§ TASK STATEMENT
No pictures should be carried over. Output all other parts of the entries verbatim.
§
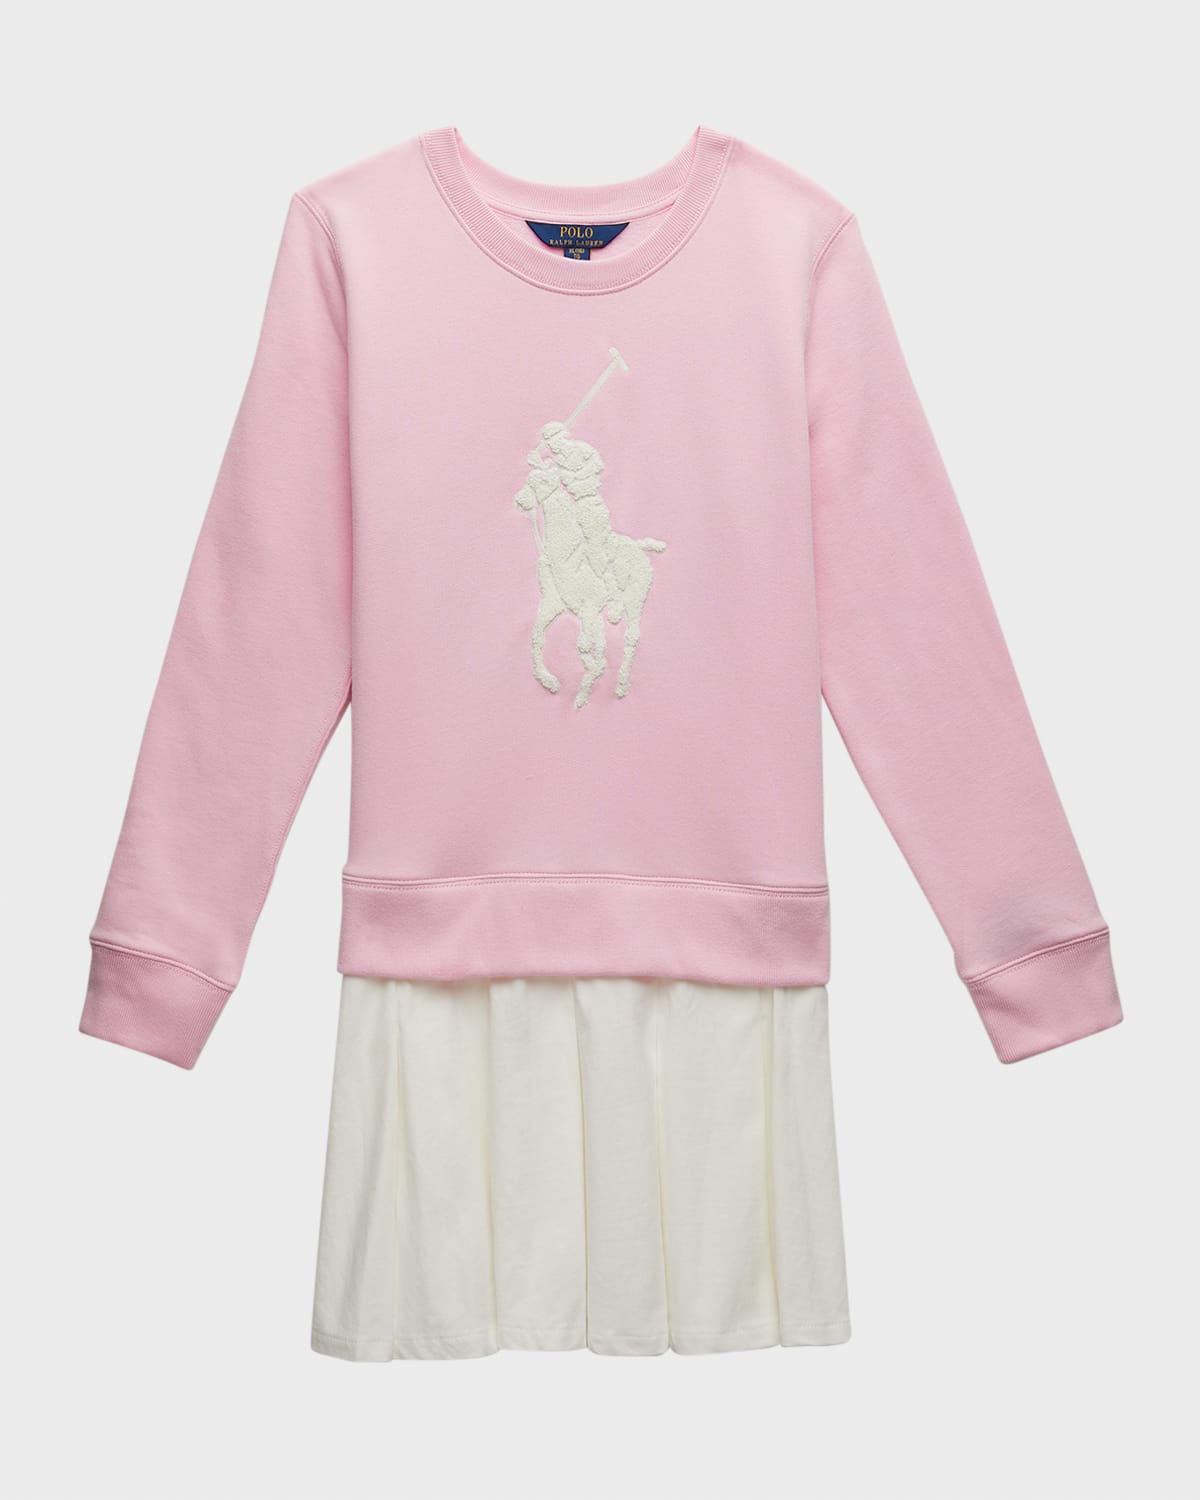 Girl's Big Pony Fleece Sweatshirt Dress, Size S-XL
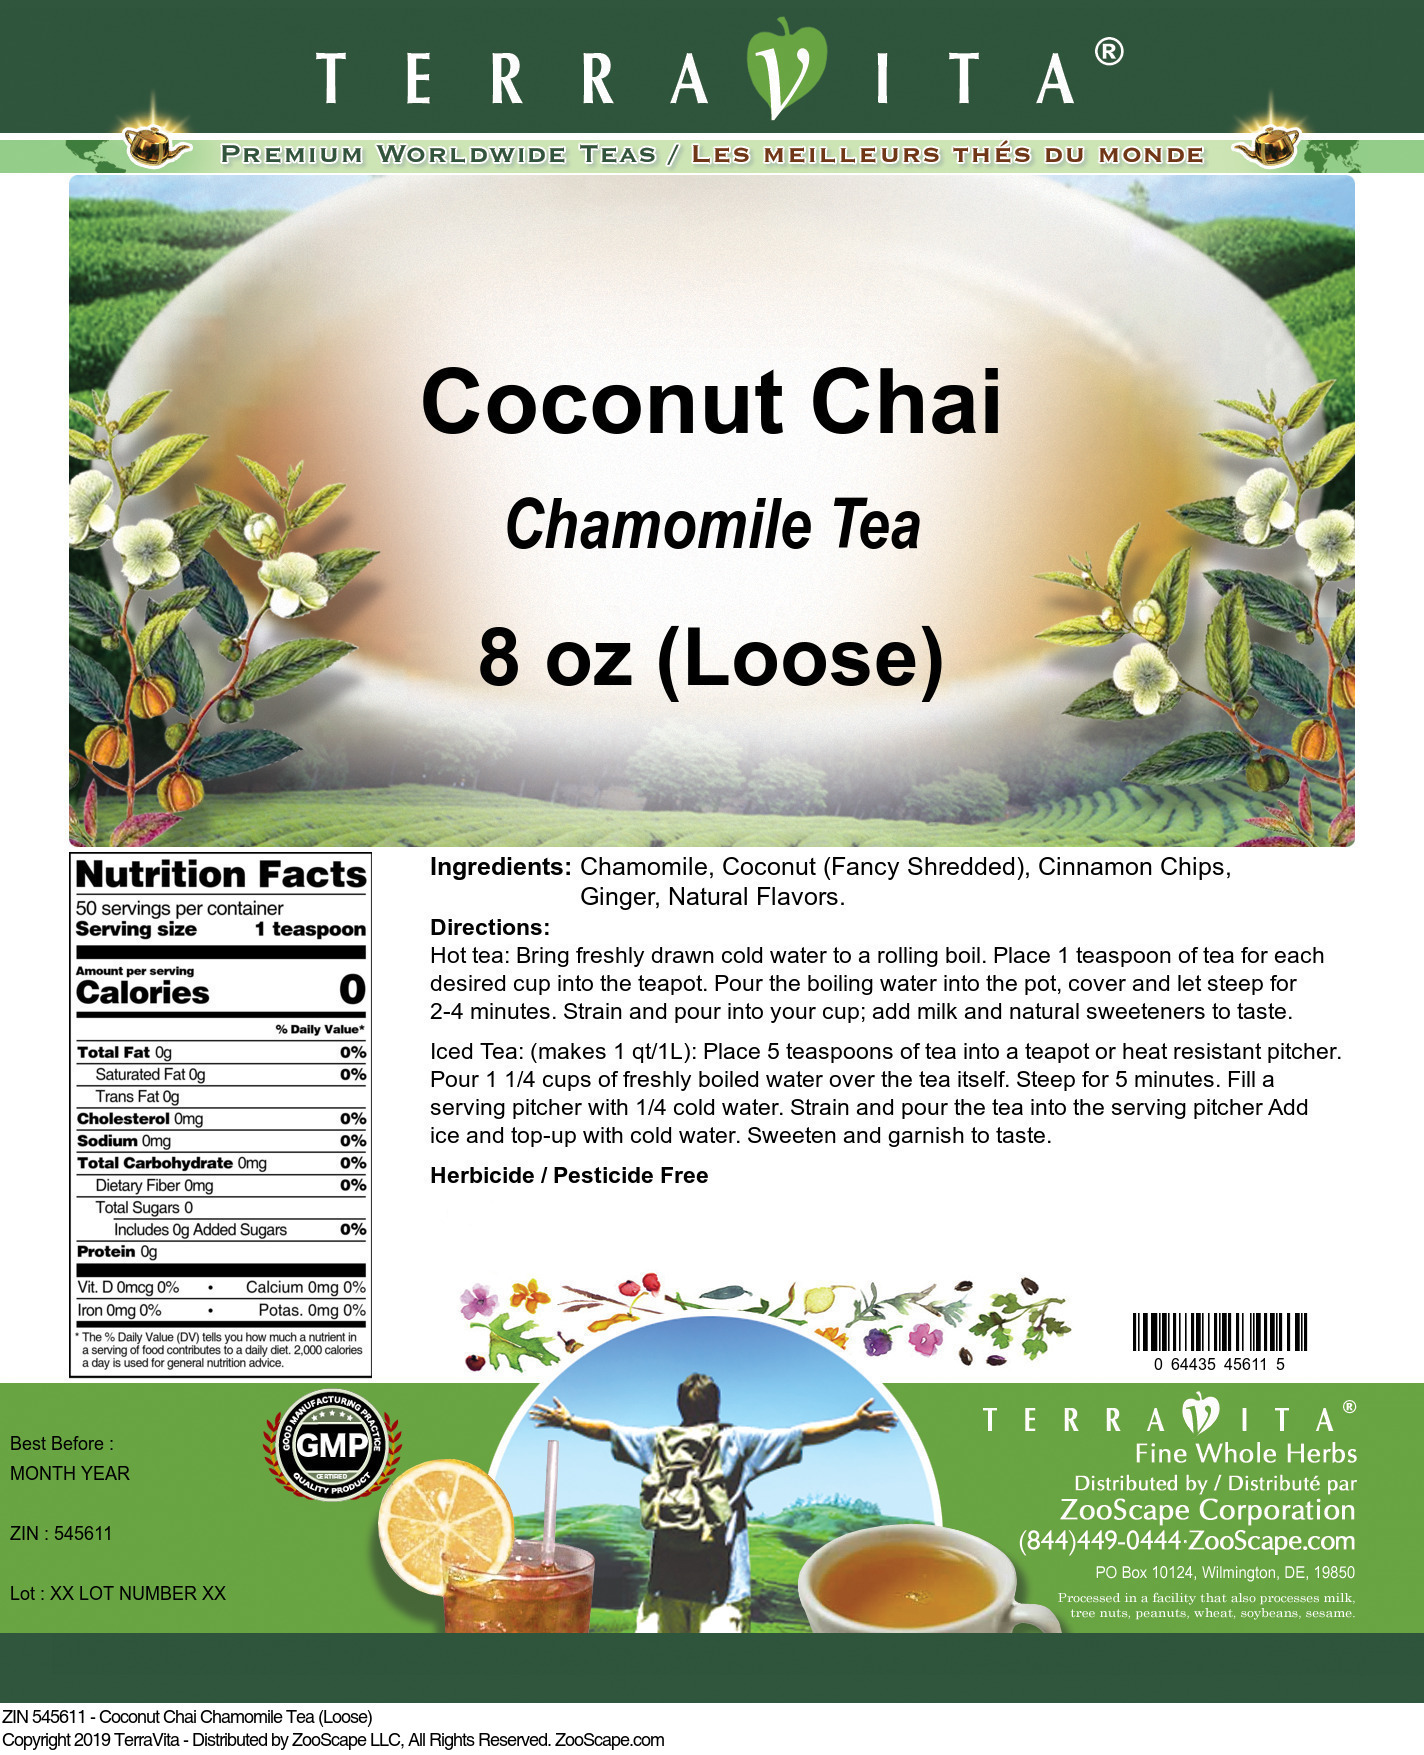 Coconut Chai Chamomile Tea (Loose) - Label
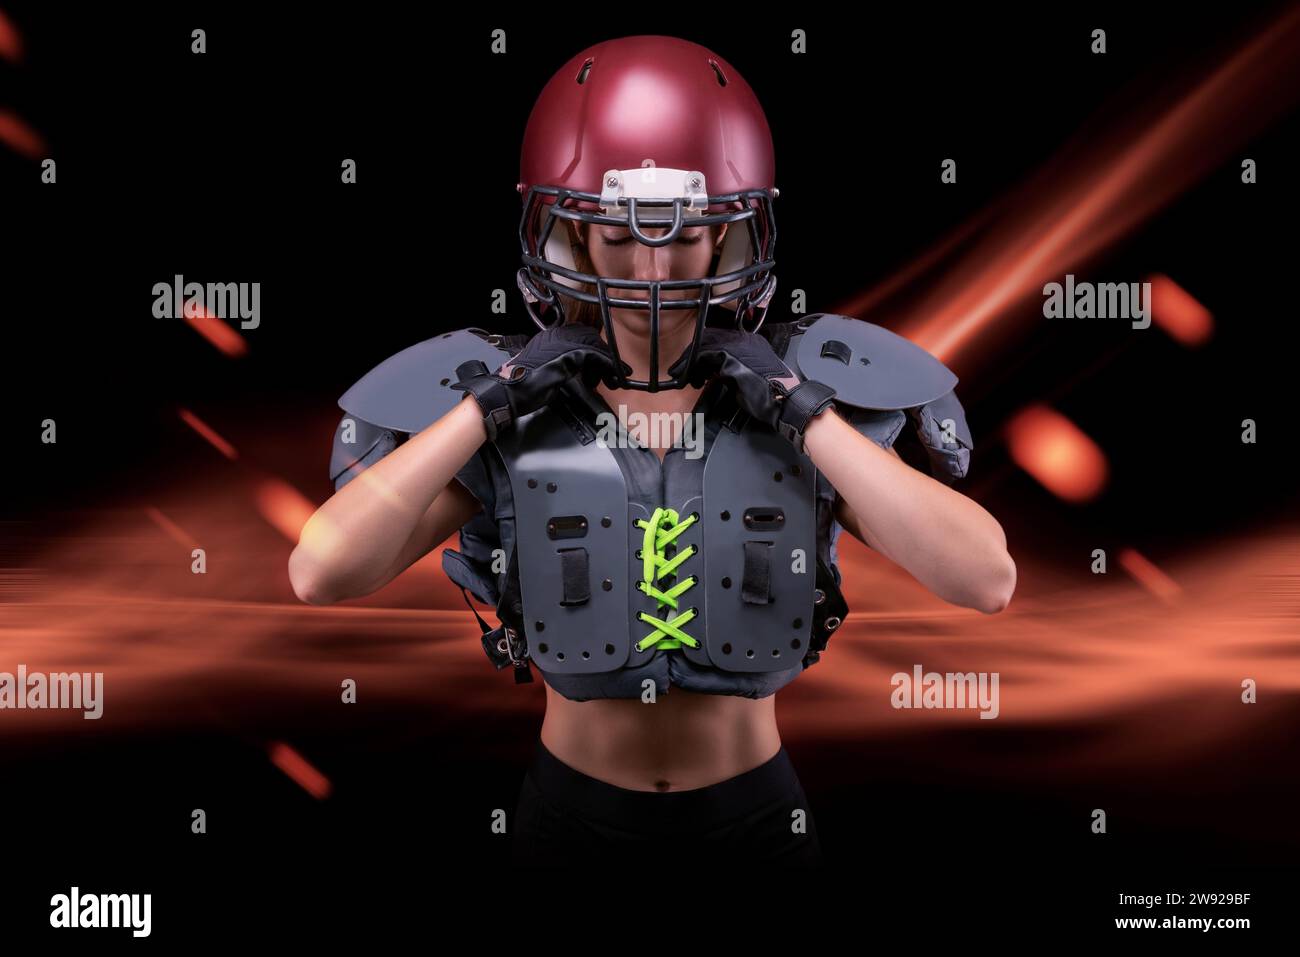 Brutales Porträt eines Mädchens in Uniform eines American Football-Mannschaftsspielers. Gerätewerbung. Sportkonzept. Schulterpolster. Gemischte Medien Stockfoto
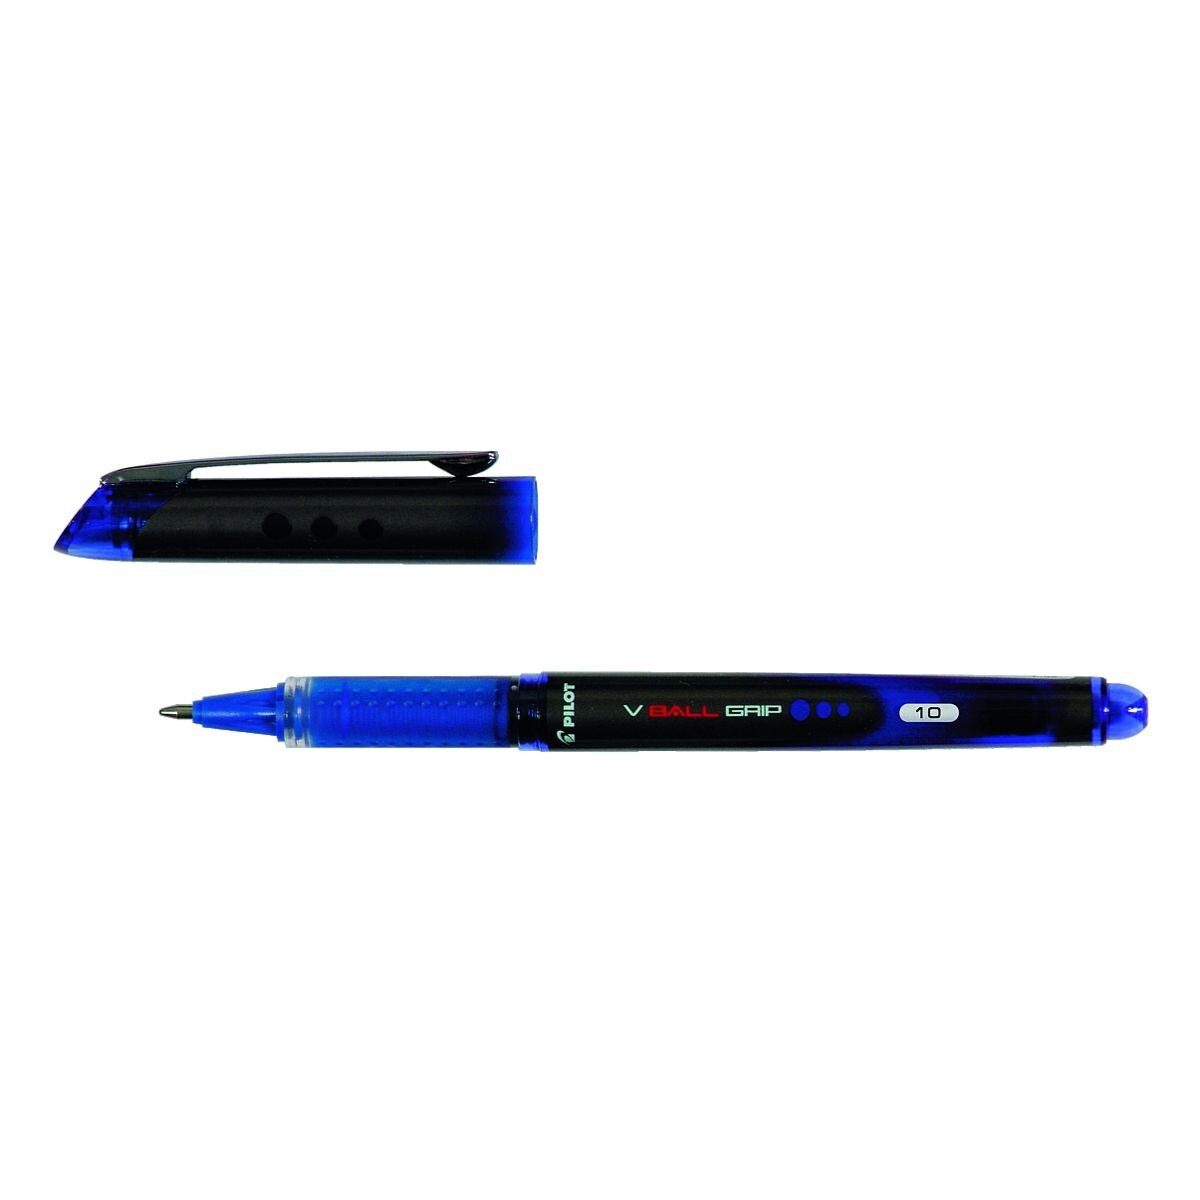 10 0,6 Strickstärke mm blau VBall Grip PILOT (B), Tintenroller
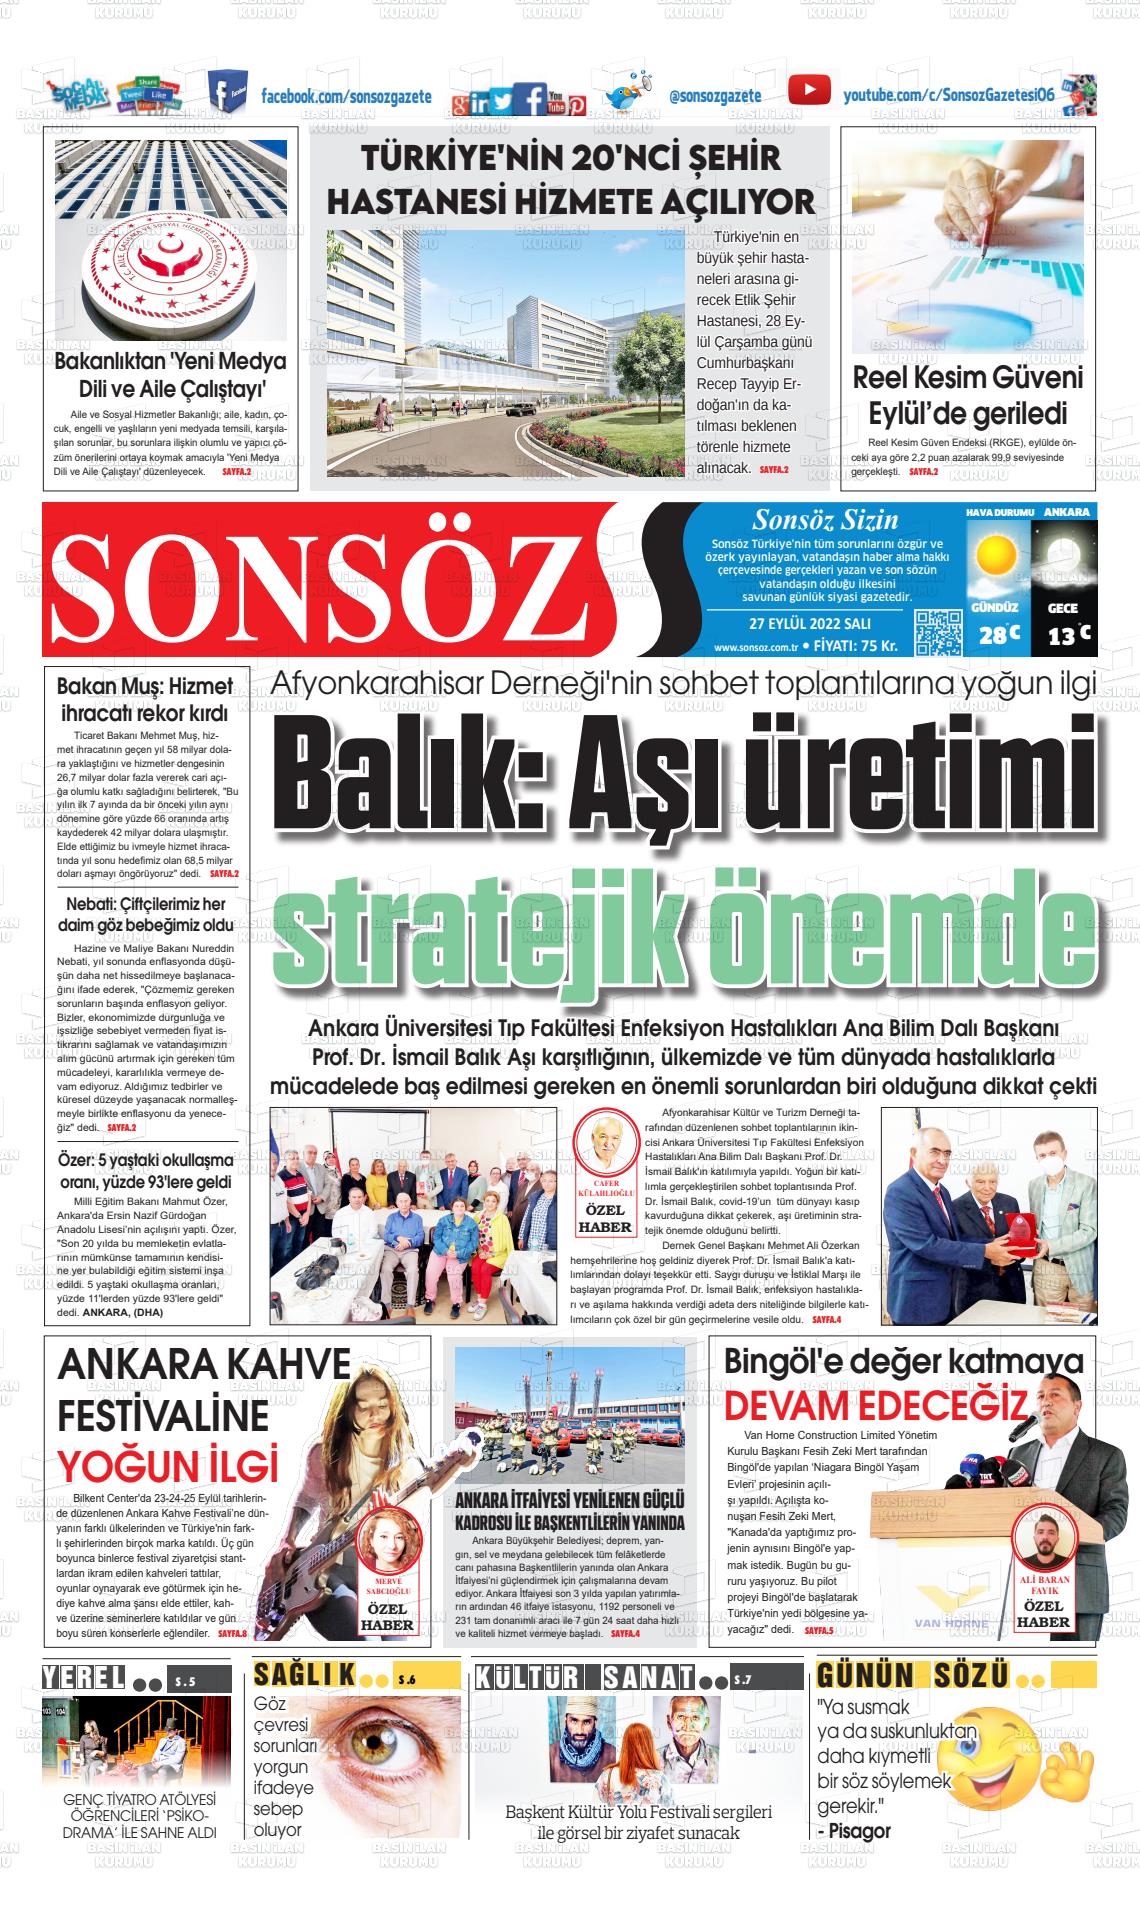 27 Eylül 2022 Ankara Sonsöz Gazete Manşeti
§
§ SOLUTION BELOW
 Girl's Big Pony Fleece Sweatshirt Dress, Size S-XL
 Coconut Chai Chamomile Tea (Loose) - Label
 Brutales Porträt eines Mädchens in Uniform eines American Football-Mannschaftsspielers. Gerätewerbung. Sportkonzept. Schulterpolster. Gemischte Medien Stockfoto
 10 0,6 Strickstärke mm blau VBall Grip PILOT (B), Tintenroller
 27 Eylül 2022 Ankara Sonsöz Gazete Manşeti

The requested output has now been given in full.